NANOPRECIPITATION TECHNIQUE FOR PREPARATION OF STERICALLY STABILIZED RISPERIDONE NANOSUSPENSION: IN VITRO AND IN VIVO STUDY
Keywords:
Risperidone, nanosuspension, Pluronic F127, nanoprecipitation, bioavailabilityAbstract
Objective: Risperidone is an atypical antipsychotic drug used to treat schizophrenia; however it suffers from a poor aqueous solubility, which delays its onset of action. Therefore, the purpose of the present study is to utilize the nanotechnology to formulate nanoparticles that enhance the dissolution and hence the bioavailability of risperidone.
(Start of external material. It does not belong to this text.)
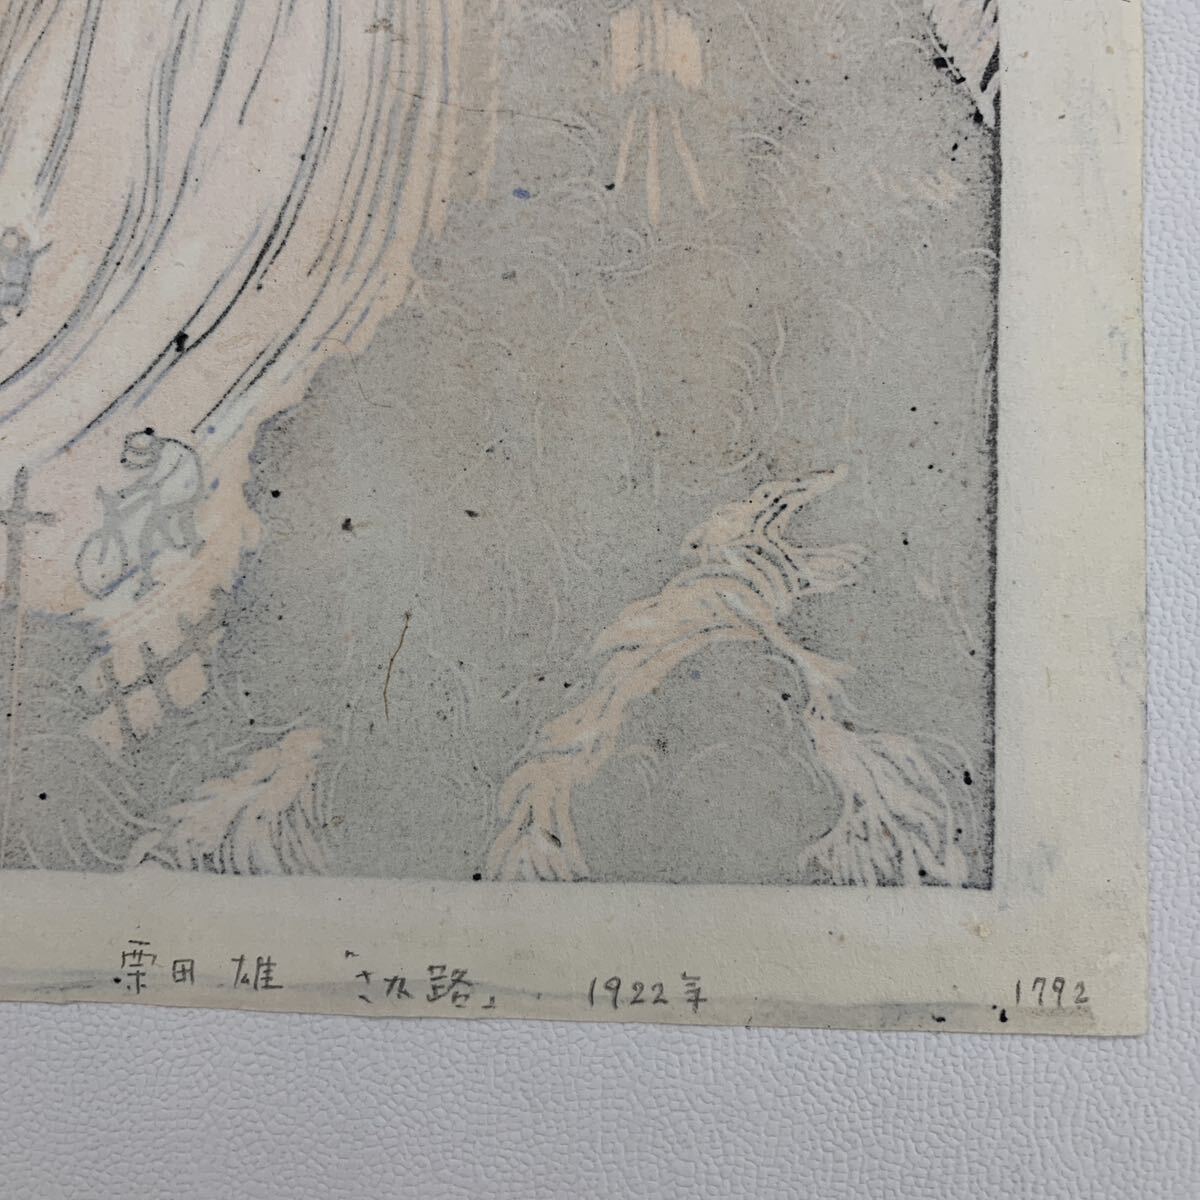 栗田雄『さか路』1922年大正11年作　詩情溢れる夕景　創作版画の傑作　多くの美術館に収蔵されています。貴重。【真作】_画像4

Methods: Nanosuspensions were prepared by nano precipitation method in the presence of selected stabilizers at different concentrations. The nanosuspensions were evaluated for their particle size, zeta potential, drug content and In vitro drug dissolution. The selected formula was freeze dried and characterized by scanning electron microscopy (SEM), fourier transforms infrared spectroscopy (FTIR), differential scanning calorimetry (DSC), X-ray diffractometry studies (XRD) and pharmacokinetic study.
Results: The in vitro dissolution showed higher drug release compared to the pure drug. The optimum formula has an average particle size of 215.56±12.65 nm and zeta potential of-19.84±2.55mV. The bioavailability parameters in the rabbits were enhanced by 2 folds when compared with the marketed tablets (Risperidal®).
Conclusion: Nanoprecipitation method was successfully employed to produce stable risperidone nanosuspension by using the proper stabilizer (pluronic F 127). Risperidone nanoparticles may be a promising formula that improves the dissolution and hence oral bioavailability of poorly water soluble risperidone.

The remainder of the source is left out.